Three strategic goals were established: (1) developing sustainable data infrastructures, (2) activating the potential for responsible data use, and (3) establishing an innovative data culture and strengthening data skills. At present, the strategy is driven by the implementation of the Data Governance Act and the Data Act.

The Data Governance Act – Regulation (EU) 2022/868 – is intended to create a framework for improved data-sharing in the public sector applicable from September 2023. The public sector is called upon to enable the use of protected data (in a controlled, secure processing environment). To this end, structures are to be created that, on the one hand, ensure that protected data can be found more easily and, on the other hand, support public authorities in making protected datasets available. From an economic and social point of view, the registration of data brokering services (intermediaries) and recognized data altruism organizations should contribute to a further strengthening of the European data economy.

The Data Act – Regulation (EU) 2023/2854 – particularly addresses manufacturers of connected products and services (Internet of Things). The purpose of the Data Act is to regulate access to data and its use within the EU for B2B and B2C for personal and non-personal data becoming directly applicable from September 12, 2025. The aim of the Data Act is to enable the sharing of and access to data for users of such products. The regulation also stipulates that users can share this data with third parties. This is particularly relevant for, for example, repairs or maintenance of networked products (e.g., cars).

The Data Act also protects SMEs from unfavorable contractual terms that could be imposed by larger companies (e.g., contractual clauses that are unilaterally determined and unfairly prohibited and shall be considered not binding). Therefore, agreements and general terms and conditions of entities involved must also be reviewed for void clauses under the Data Act in addition to void clauses under Austrian civil law. However, many clauses considered unfavorable under the Data Act might already be considered void by local Austrian law.

Of relevance is also the Open Data Directive (EU) 2019/1024 which sets out minimum requirements for the improved reuse of public sector data based on the principles of transparency and non-discrimination. A core element is the establishment of the commercial usability of published public sector data. The directive defines basic conditions for fees, formats, licenses, and the interoperability of data that apply in all EU member states.

Intensive preparations are currently underway to implement the Data Governance Act and the Data Act in Austria. Especially, the competent authorities and the sanction systems for non-compliance must be determined. Drafts are not yet available.

In connection with the Data Governance Act, a draft of an Austrian Data Access Act is available, which provides the basis for enabling national governance for the secure and further anonymized and reuse of protected public sector data.

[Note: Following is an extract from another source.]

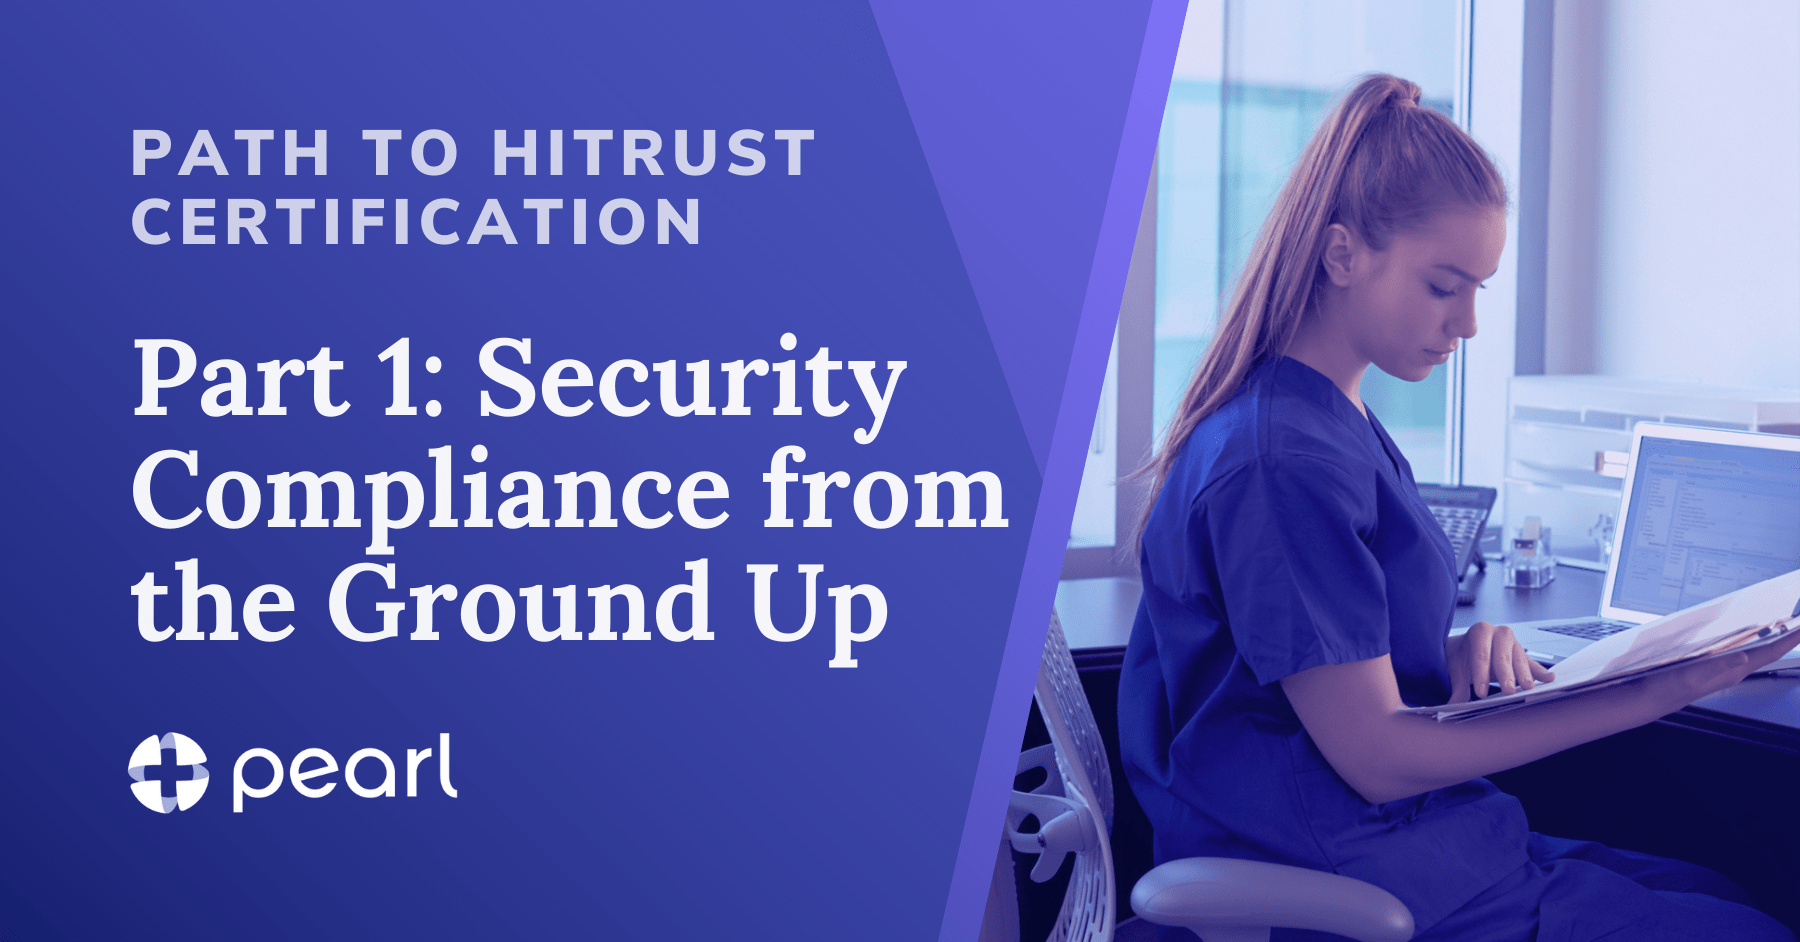 Path to HITRUST Certification Part 1: Security Compliance from the Ground Up

On January 31, 2024, the new Freedom of Information Act (Informationsfreiheitsgesetz) was passed, ending official secrecy (secrecy that is restricted to specific public officials), which is an absolute milestone in public data governance. Specifically, the Freedom of Information Act – from its entry into force in September 2025 – grants every natural and legal person the right of access to state and certain corporate information. In addition, the Freedom of Information Act obliges public bodies to proactively publish information of general interest – that is, information that concerns or is relevant to a general group of people (e.g., activity reports, official statistics, studies, expert opinions, and contracts). With regard to the existence of reasons for secrecy, a balance of interests must be weighed between the right of the individual to freedom of information and the interest of the institution in secrecy. In the weighing process, the activities of so-called “social watchdogs” (non-governmental organizations and journalists who need the information to conduct a public debate) must be taken into account, according to the explanations.